В октябре приехал из под Нерчинска Ипатий с рассказами о советской власти и продразверстке. Сразу же потащил Алексея в харбинский «Яр», где вместо цыган пели полуголые шансонетки. С одной из них закружился Ипатий, и потом еще неделю без продыху мотался по ресторанам в старом и новом городе, пока не кончились деньги.
– А че их жалеть! – сказал он Алонину и как-то по-новому и зло усмехнулся, словно знал, что-то такое, что не знают они здесь в Харбине. – Скотоводов пока не терзают, зато ломпасников наших комиссары почитай всех на тот свет спровадили, когда шубутнулись. Остальные по тайге бродят.
– Переезжай, Ипатий в Харбин. Документы тебе выправим.
– Жена не хотит. Может и утрясется.
С тем и уехал Ипатий, продолжая мечтать о колбасном заводике.
Дрейзер неутомимо занимался созданием на паях коммерческого банка в Харбине. Предлагал Алонину должность управляющего филиалом банка в Хайнане. Он отказался. Раньше восхищался искренне тестем, удивлялся его хватке, в чем-то пытался подражать… Трещина образовалась, когда из-за возни с золотом Дороти оставили вместе с больной бабушкой в Иркутск. Ее тюремное заключение, а потом бесконечное ожидание, делали отношения все более формальными, а последняя поездка в Баргузин, внесла полный разлад в семейные отношения.
Усть- Баргузин. Большой старый дом Дрейзеров на улице Нижней полого сбегавшей к пристани стоял почти нежилой, только в цокольном этаже, где жила прислуга, появлялся по вечерам свет. Хромов много раз прогуливался мимо, заглядывал сквозь щели в заборе.
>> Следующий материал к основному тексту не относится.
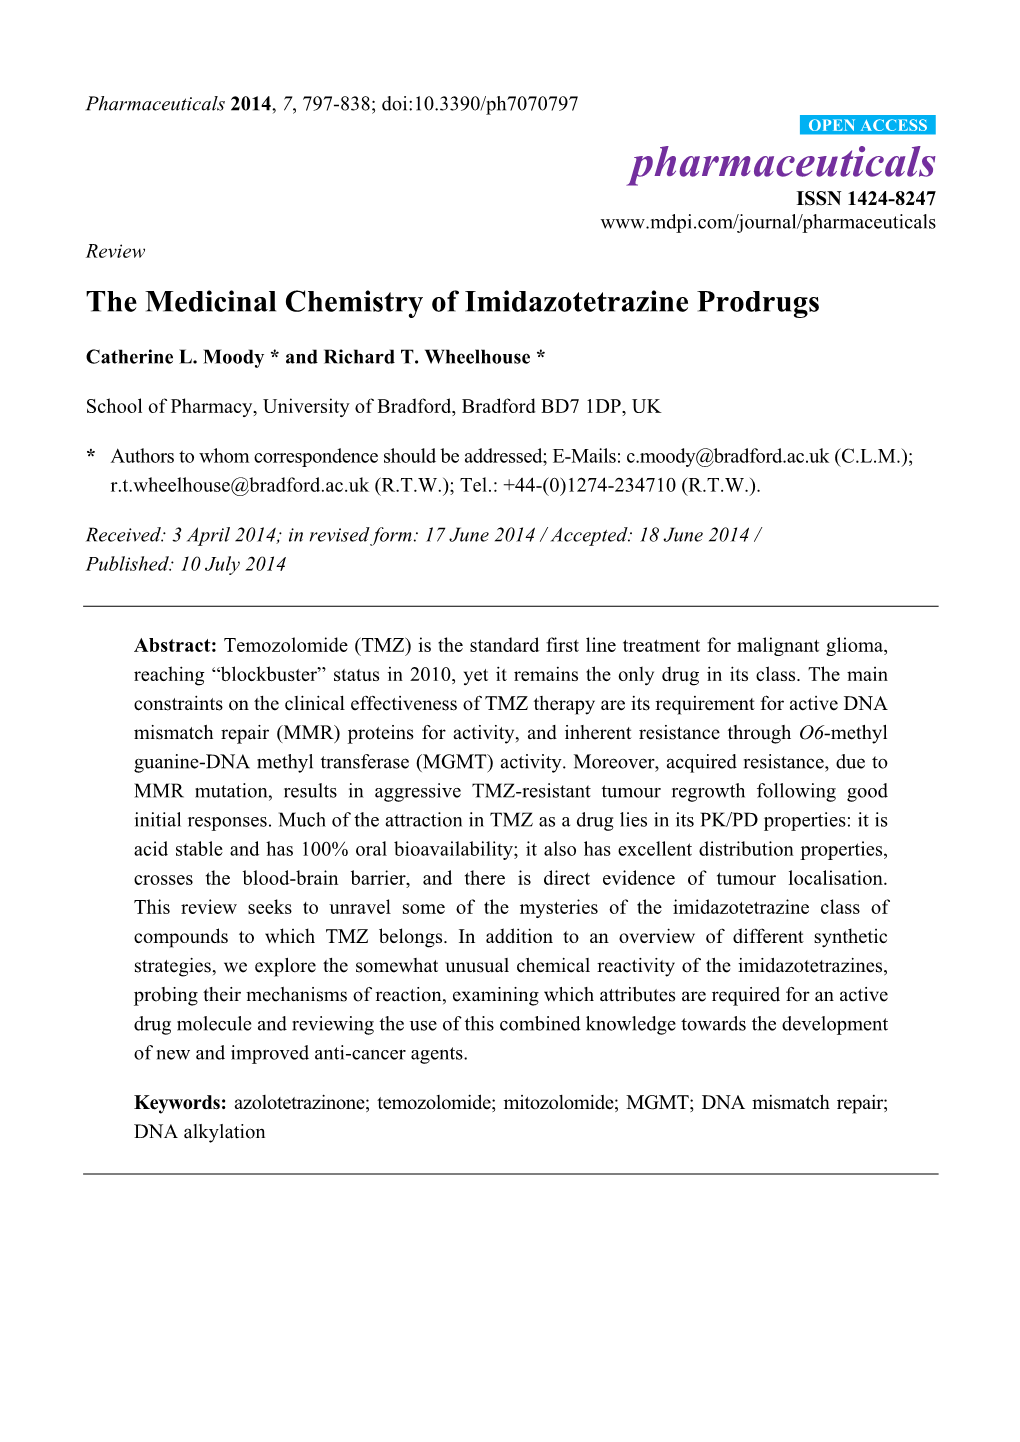 The Medicinal Chemistry of Imidazotetrazine Prodrugs
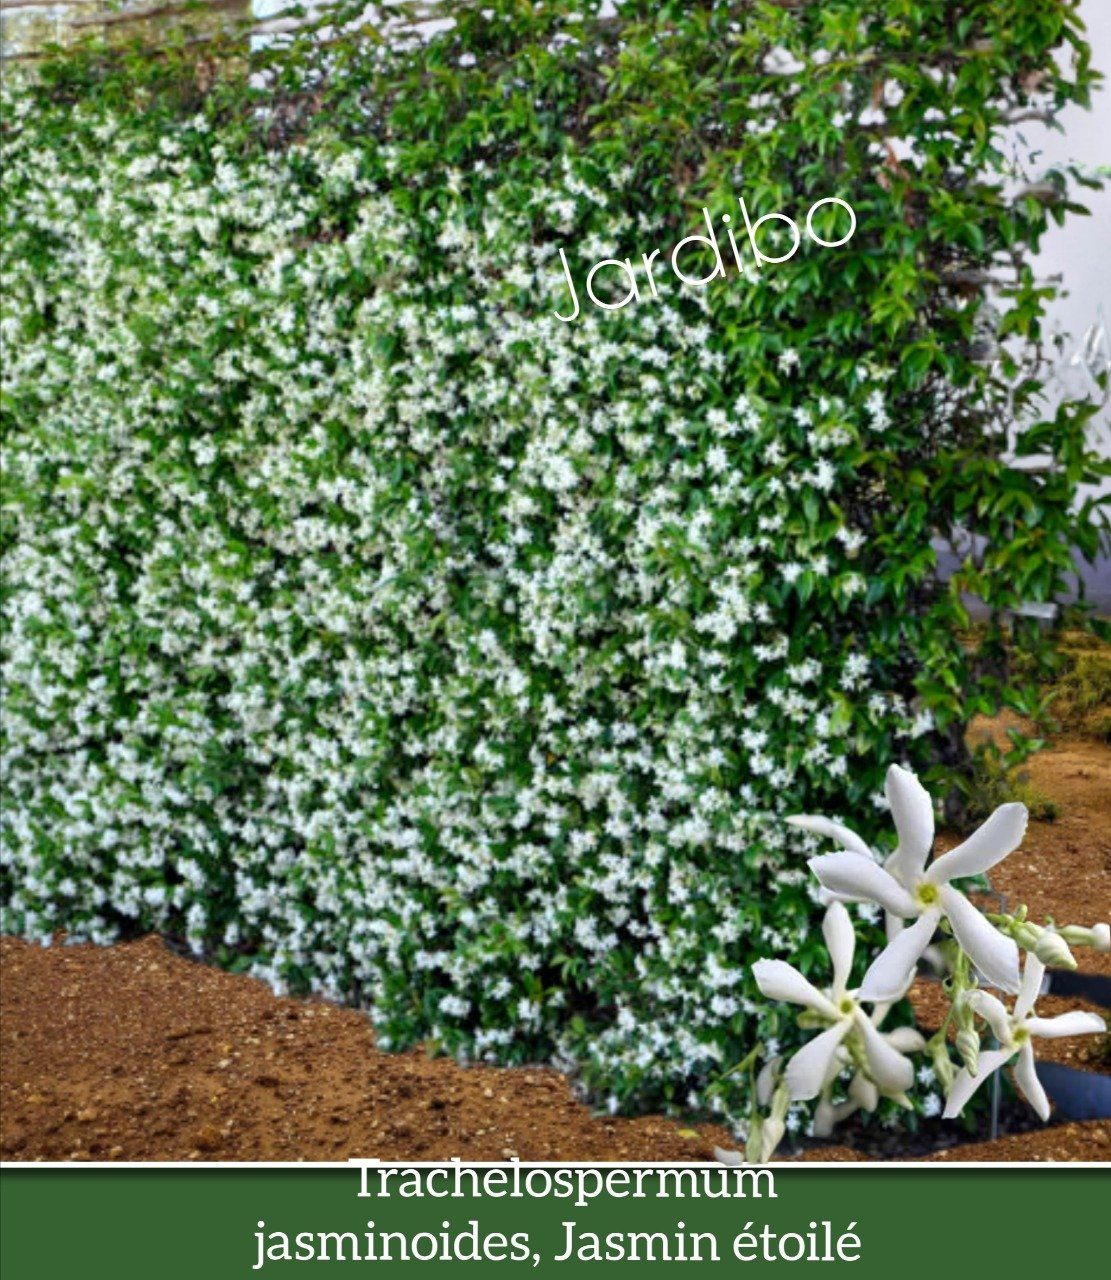 Trachelospermum jasminoides, Jasmin étoilé

Попытался втянуть в разговор сторожа, охранявшего дом почетного гражданина и купца первой гильдии Дрейзера, а он, старый служака, признав бывшего станового пристава, не стал откровенничать. Даже обругал непотребно.
Хромов шагал в горку с баргузинской пристани, нес в руке плетеную корзину набитую свежевыловленной рыбой, вспоминал этот разговор и меланхолично размышлял о незавидном своем положении. Похоже, Дрейзер навсегда укатил за границу, и его грандиозные планы заработать большие деньги, из-за этого разрушились. «А может прикатить к нему в Харбин. И нате вам! А если узнают, подстрелят в дороге…»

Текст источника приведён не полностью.